First of all, you have an out-of-bounds access:

    for(int j=0; j<a.length; j++) {
      if(a[j] > a[j+1]) {

for j == a.length-1, so the loop condition should rather be j < a.length-1.

But, in Bubble sort, you know that after k passes, the largest k elements are sorted at the k last entries of the array, so the conventional Bubble sort uses

public static void bubblesort(int[] a) {
  for(int i=1; i<a.length; i++) {
    boolean is_sorted = true;

    for(int j=0; j < a.length - i; j++) { // skip the already sorted largest elements
      if(a[j] > a[j+1]) {
         int temp = a[j];
         a[j] = a[j+1];
         a[j+1] = temp;
         is_sorted = false;
      }
    }

    if(is_sorted) return;
  }
}

Now, that would still do a lot of unnecessary iterations when the array has a long sorted tail of largest elements, say you have k,k-1,...,1 as the first k elements and k+1 to 100000000 in order after that. The standard Bubble sort will pass k times through (almost) the entire array.

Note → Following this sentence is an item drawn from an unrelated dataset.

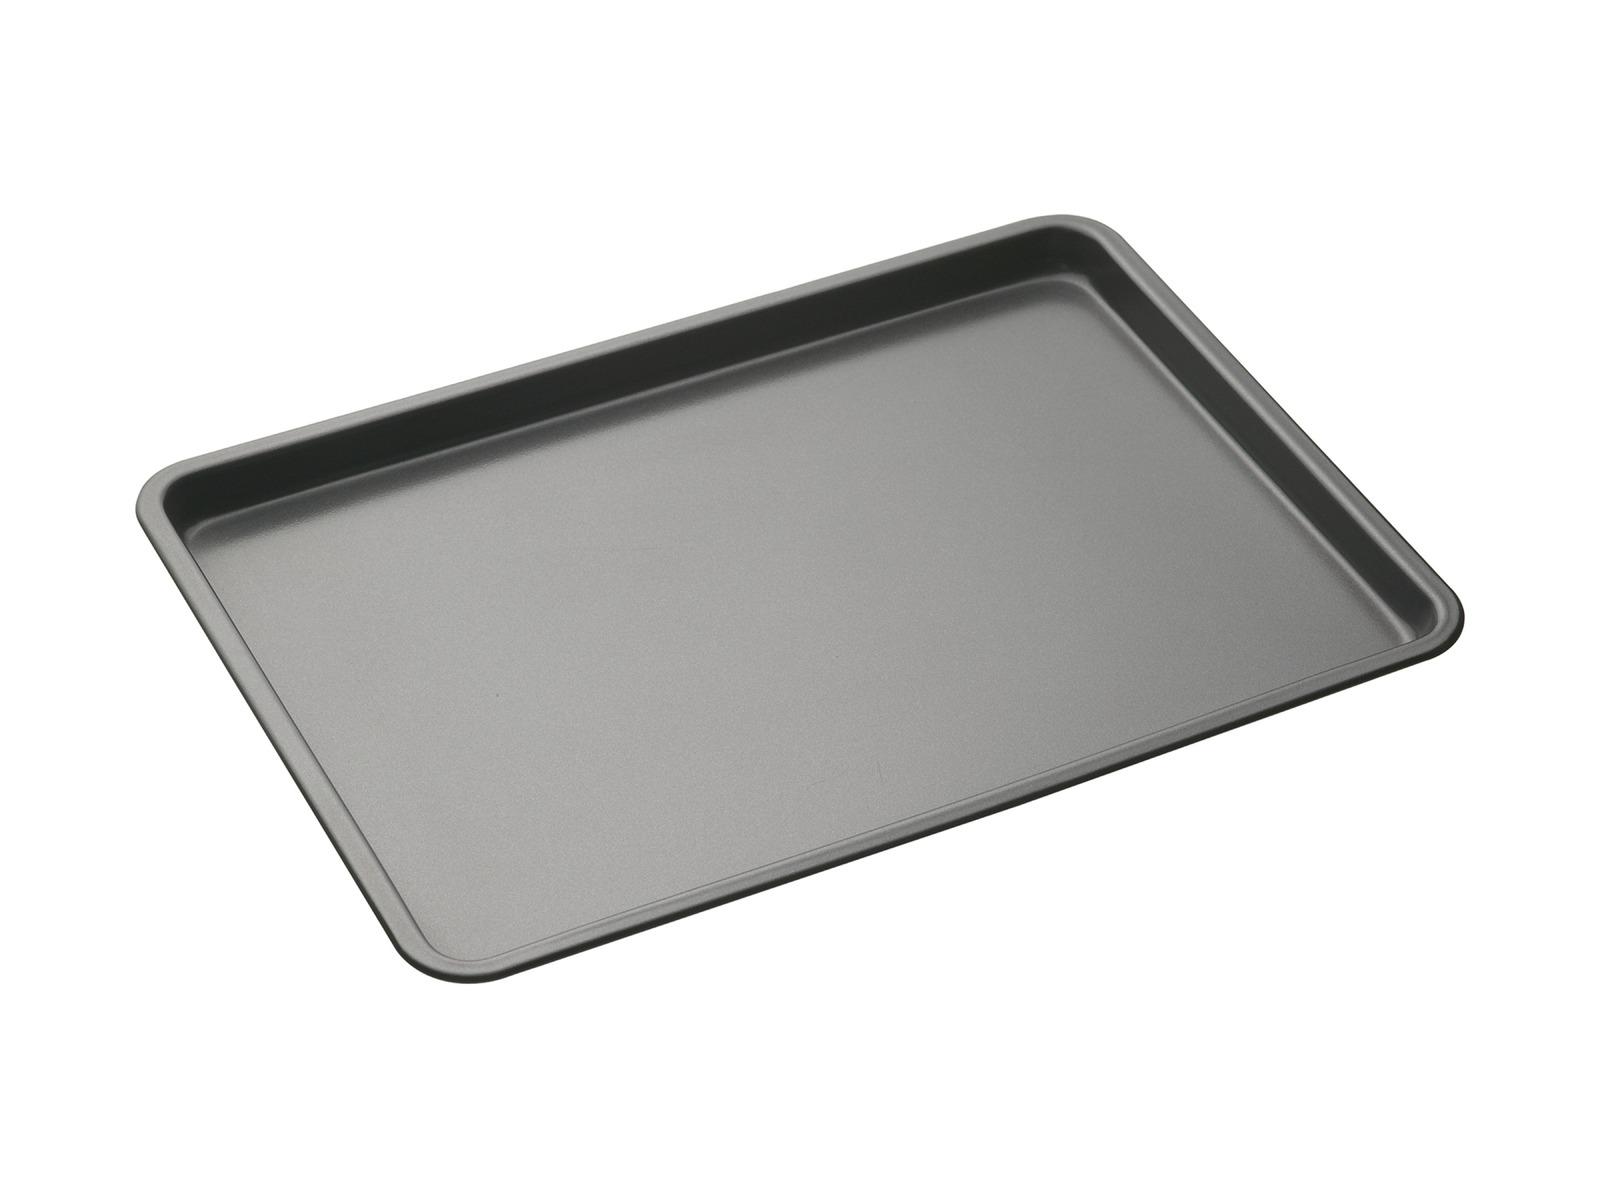 MasterClass: Non-Stick Bake Tray (35x25cm) image

But if you remember where you made your last swap, you know that after that index, there are the largest elements in order, so

public static void bubblesort(int[] a) {
  int lastSwap = a.length-1;
  for(int i=1; i<a.length; i++) {
    boolean is_sorted = true;
    int currentSwap = -1;

    for(int j=0; j < lastSwap; j++) {
      if(a[j] > a[j+1]) {
         int temp = a[j];
         a[j] = a[j+1];
         a[j+1] = temp;
         is_sorted = false;
         currentSwap = j;
      }
    }

    if(is_sorted) return;
    lastSwap = currentSwap;
  }
}

would sort the above example with only one pass through the entire array, and the remaining passes only through a (short) prefix.

Of course, in general, that won't buy you much, but then optimising a Bubble sort is a rather futile exercise anyway.